Do you remember that driver updates statistics? Let's check stat file and run iostat tool that read stat file and print the contents
/ # cat /sys/block/mybrd/stat
2 0 96 15 2 0 16 3 0 9 9
/ # iostat
Linux 4.4.0+ ((none)) 11/03/16 _x86_64_ (4 CPU)

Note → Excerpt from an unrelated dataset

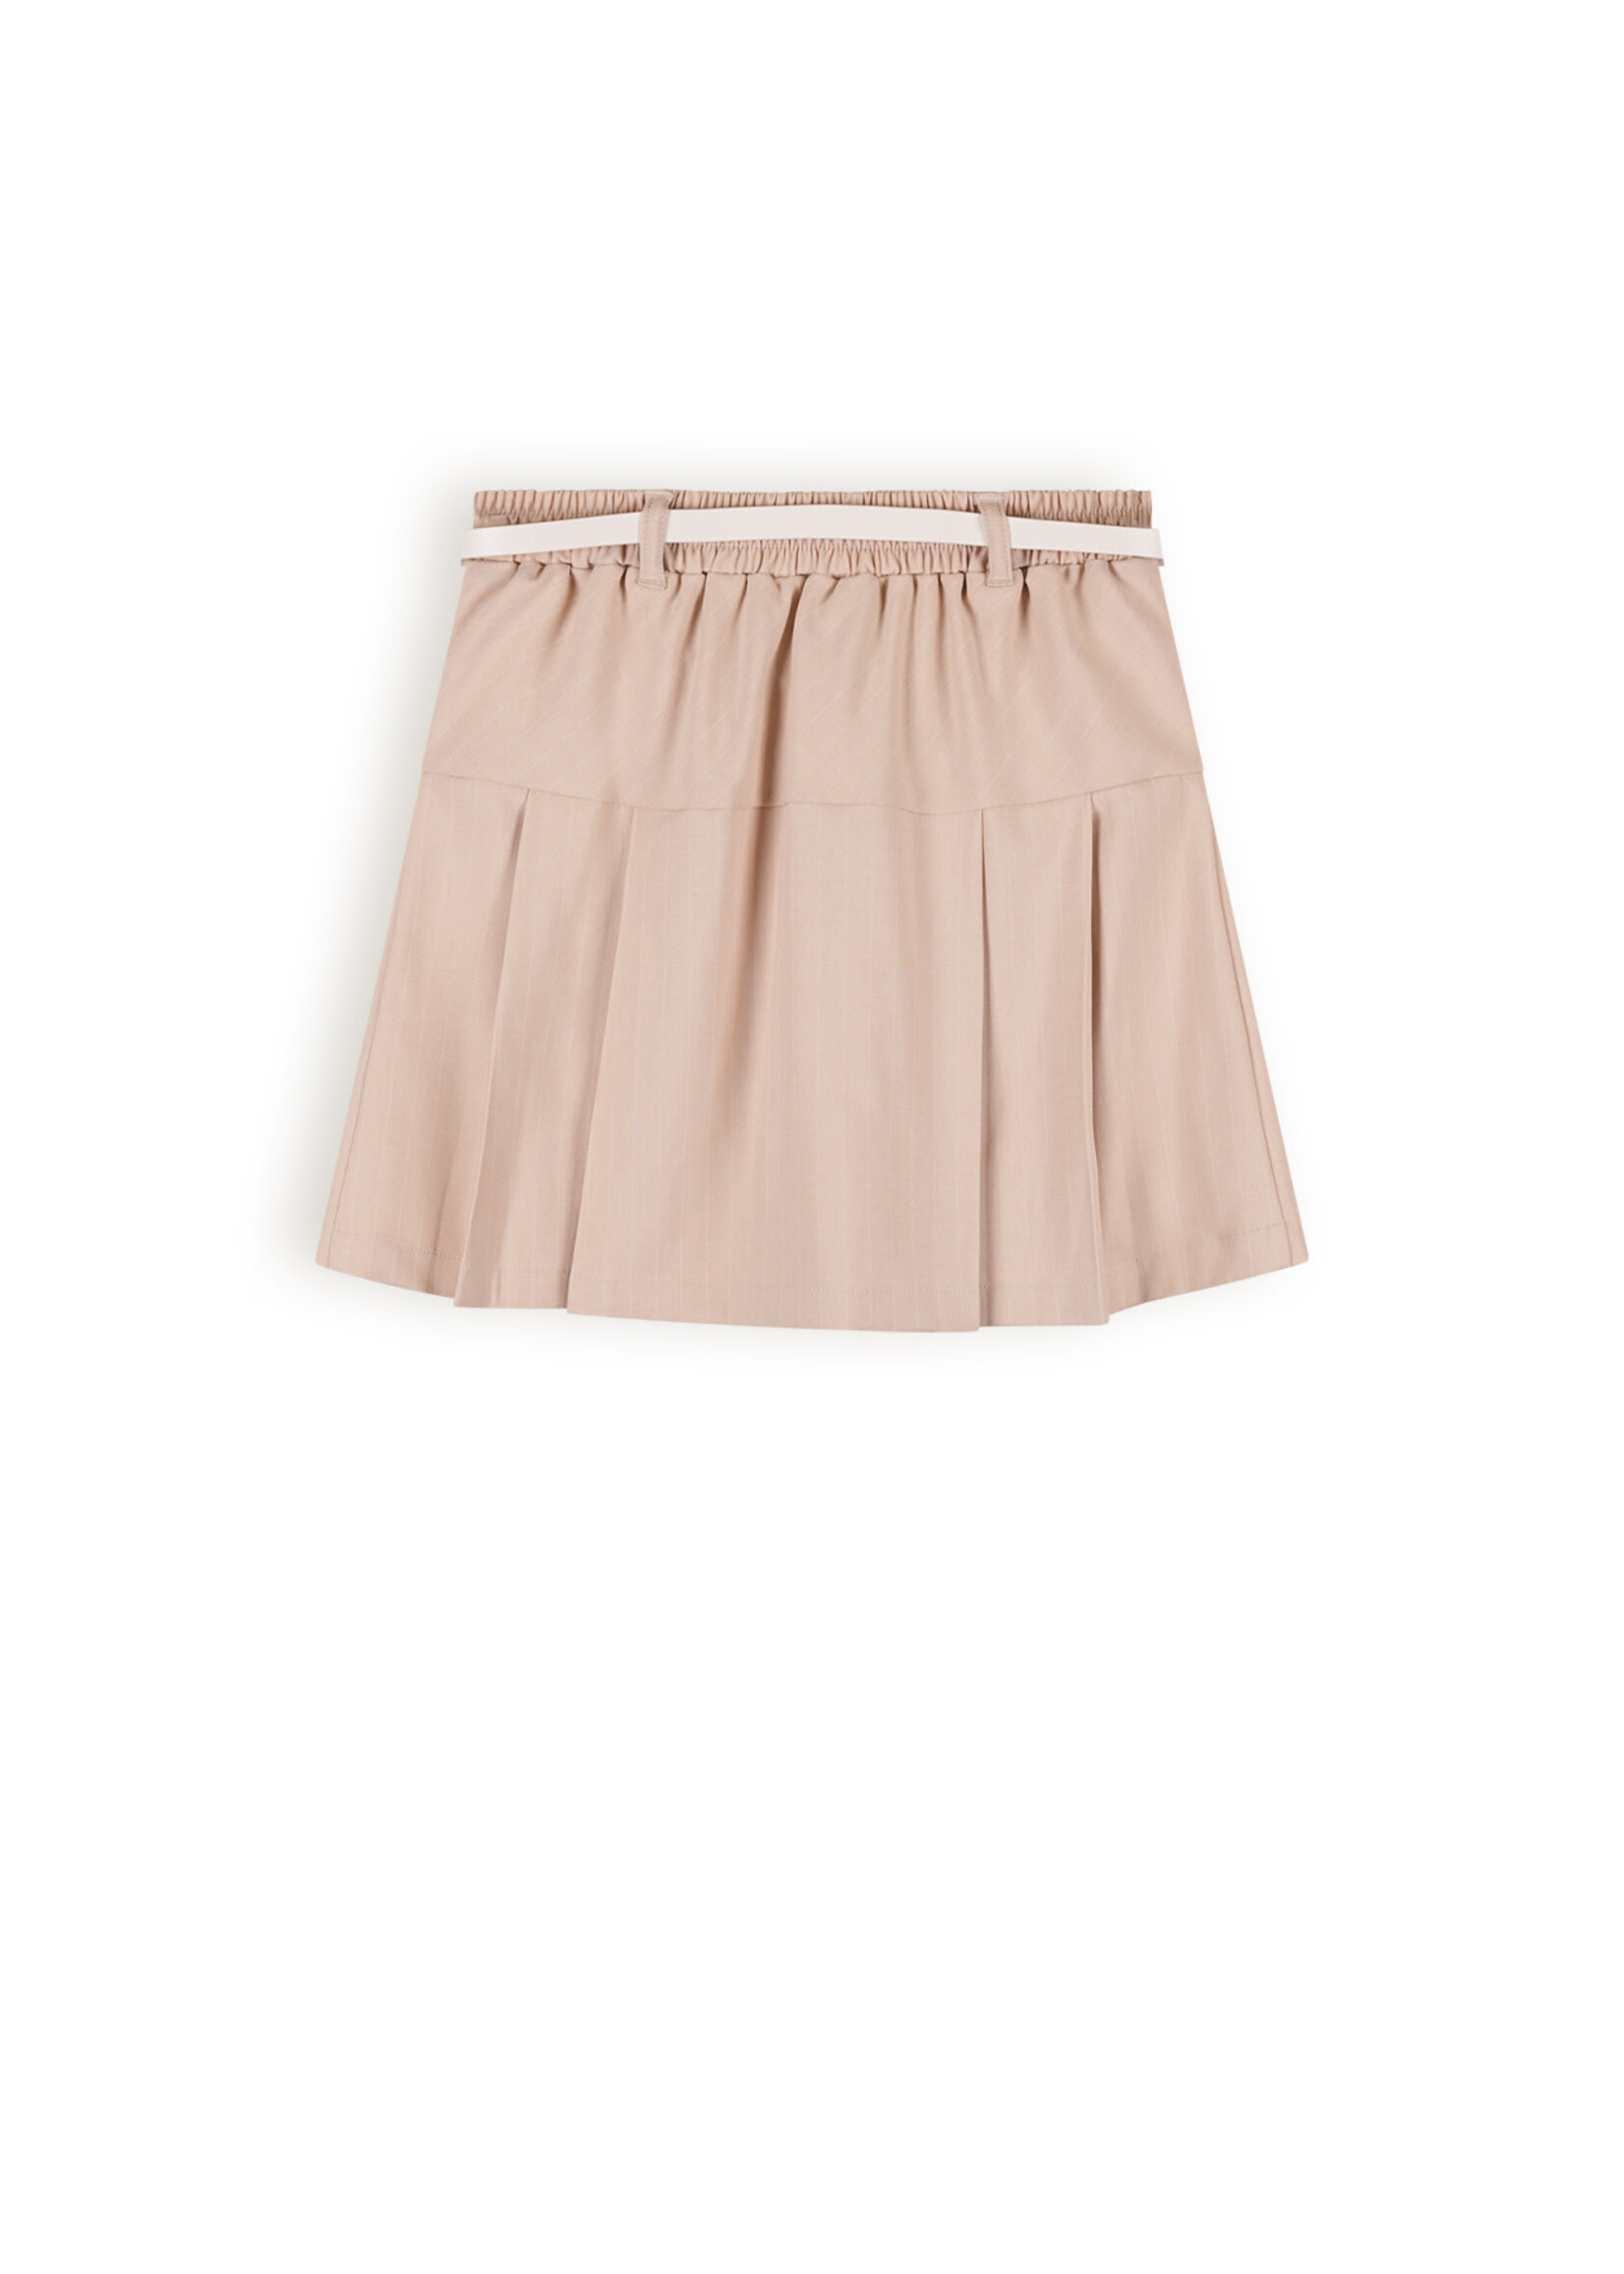 Nobell Nobell Nimmy Pinstripe skirt with Belt Q402-3702 Rosy Sand

avg-cpu: %user %nice %system %iowait %steal %idle
0.00 0.00 0.04 0.00 0.00 99.95
Device: tps Blk_read/s Blk_wrtn/s Blk_read Blk_wrtn
mybrd 0.01 0.35 0.06 96 16
Please check what each value means in stat file: https://www.kernel.org/doc/Documentation/block/stat.txt For example, first four-values are for reading: 2 I/O generated and 96 sectors were processed for 15 milli-second. iostat tool also shows 96 sectors were processed in mybrd disk. And next four-values mean that 2 writing I/O generated and 16 sectors were processed for 3 milli-second.